Una familia camina 600 kilómetros con 1.700 ovejas para que una tradición no desaparezca


En pleno siglo XXI, en el año 2026, hay tradiciones que ya se han perdido y otras que sobreviven por el empuje de generación en generación. Tal es el caso de una familia de España que camina 600 kilómetros con 1.700 ovejas para que sus costumbres no desaparezcan.
La dureza de las ciudades, el ritmo diario, las pantallas y contemporaneidad ganaron muchas batallas en terrenos donde la paciencia, el trabajo duro y poco repetitivo se impone. Sin embargo, en diversos rincones del planeta todavía sobreviven algunas reglas milenarias que resisten cualquier embate.
Se trata de la lucha por la supervivencia de una identidad que se niega a ser sepultada por el progreso y los cambios de ritmo. Hablamos de los pastores transhumantes (practican la trashumancia, un tipo de pastoreo en el que trasladan sus rebaños estacionalmente en busca de mejores pastos y climas).
Su viaje se extiende durante semanas bajo condiciones climáticas impredecibles. Pero eso es lo de menos. La importancia no es solamente la de buscar mejores condiciones para su ganado, sino seguir con aquello que es tan propio que no puede desaparecer.
La tecnología y posibilidades de hoy en día permitirían otro tipo de pastoreo, pero la relevancia de guiar a la masa de animales a través de terrenos sinuosos, caminos de tierra y más, excede las posibilidades que da la comodidad.
En las últimas semanas, un relato proveniente de España capturó el interés público, centrado en una familia que defiende sus tradiciones como algo innegociable. Conforme a lo reportado por medios españoles, entre ellos el portal de la Corporación de Radio y Televisión Española (RTVE), la trashumancia suele asociarse con la imagen de un pastor que actúa en solitario; sin embargo, esta situación particular difiere de esa norma.
Indican que esta forma de pastoreo, muy habitual en el siglo pasado, se fue perdiendo con la posiblidad de compra de comida para los animales en los meses más secos. Sin embargo, José Manuel Sánchez, la cabeza de esta familia, no quiere que esta tradición se pierda.

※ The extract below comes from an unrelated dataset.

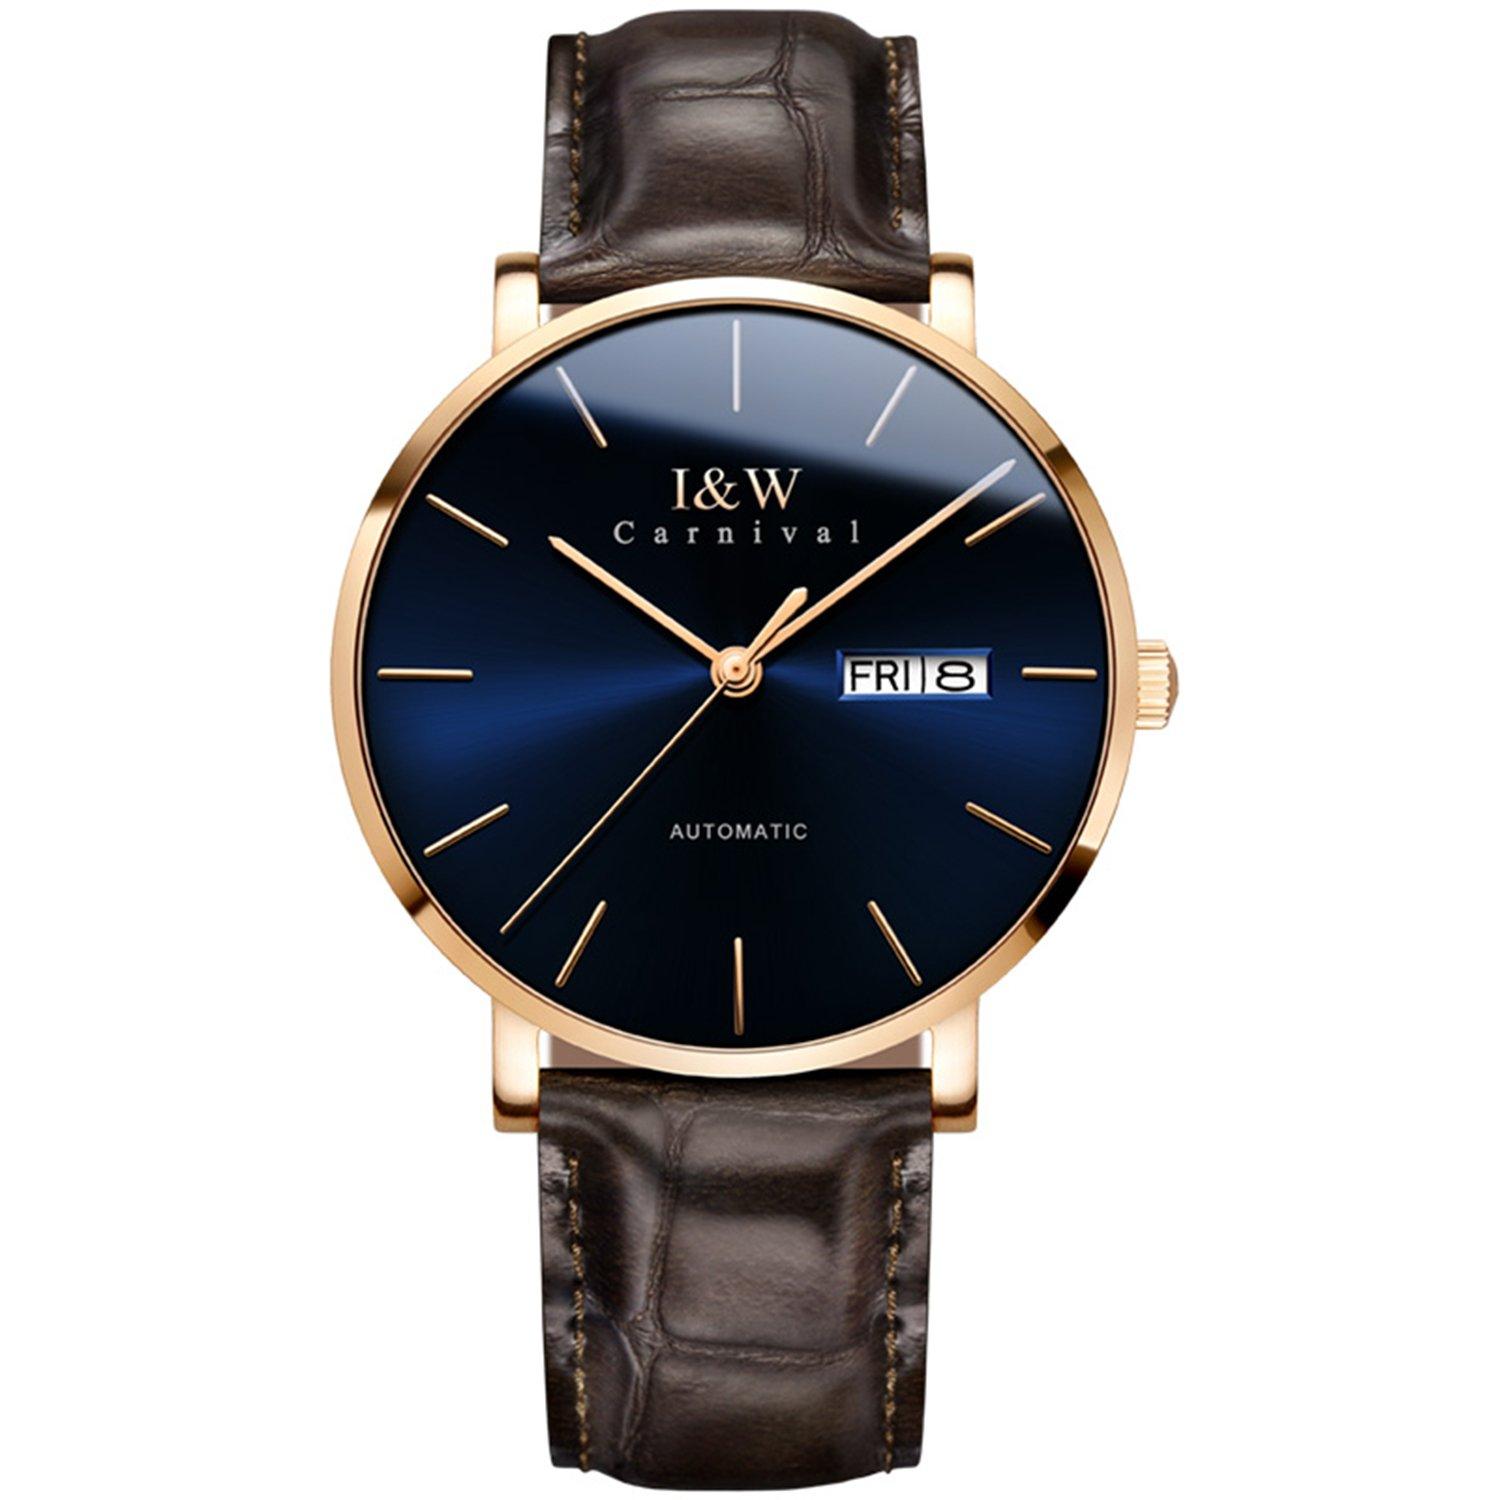 Men 's Luxury WatchミニマリストUltra Thin Swiss Automatic Movementサファイアクリスタルアナログカーフスキンストラップ ブルー B07CY9T1LR ブルー ブルー

La historia que rescata la Web española asegura que hace unos cuatro años una sequía obligó al hombre a llevar a sus ovejas hasta una montaña porque en su finca no había pasto suficiente para alimentarlas. Luego de este hecho, aunque haya comida para los animales cercana a su casa, el hombre prefiere que la trashumancia siga viva, y realiza una ruta de más de 600 kilómetros junto a su familia.
En su travesía kilométrica, pasan 40 días caminando, que atraviesan las provincias esapañolas de Cáceres, Toledo, Ávila y Valladolid hasta su destino final: Prioro, en la montaña leonesa.
Según indican, la ruta la hace junto a sus padres y otros familiares. Aseguran que, Jose Manuel padre fue pastor trashumante en su juventud y ahora se dedica a conducir uno de los coches en los que llevan sus cosas. Además, es el encargado de preparar la comida para todos.
La tradición viene desde los ancestros de esta familia, y Sánchez es la sexta generación dedicada a esta tradición. Además, ya dijo que, como busca que esta tradición siga viva, se lo intentará transmitir a su hijo. Habrá que ver, finalmente, si el joven toma la posta o no.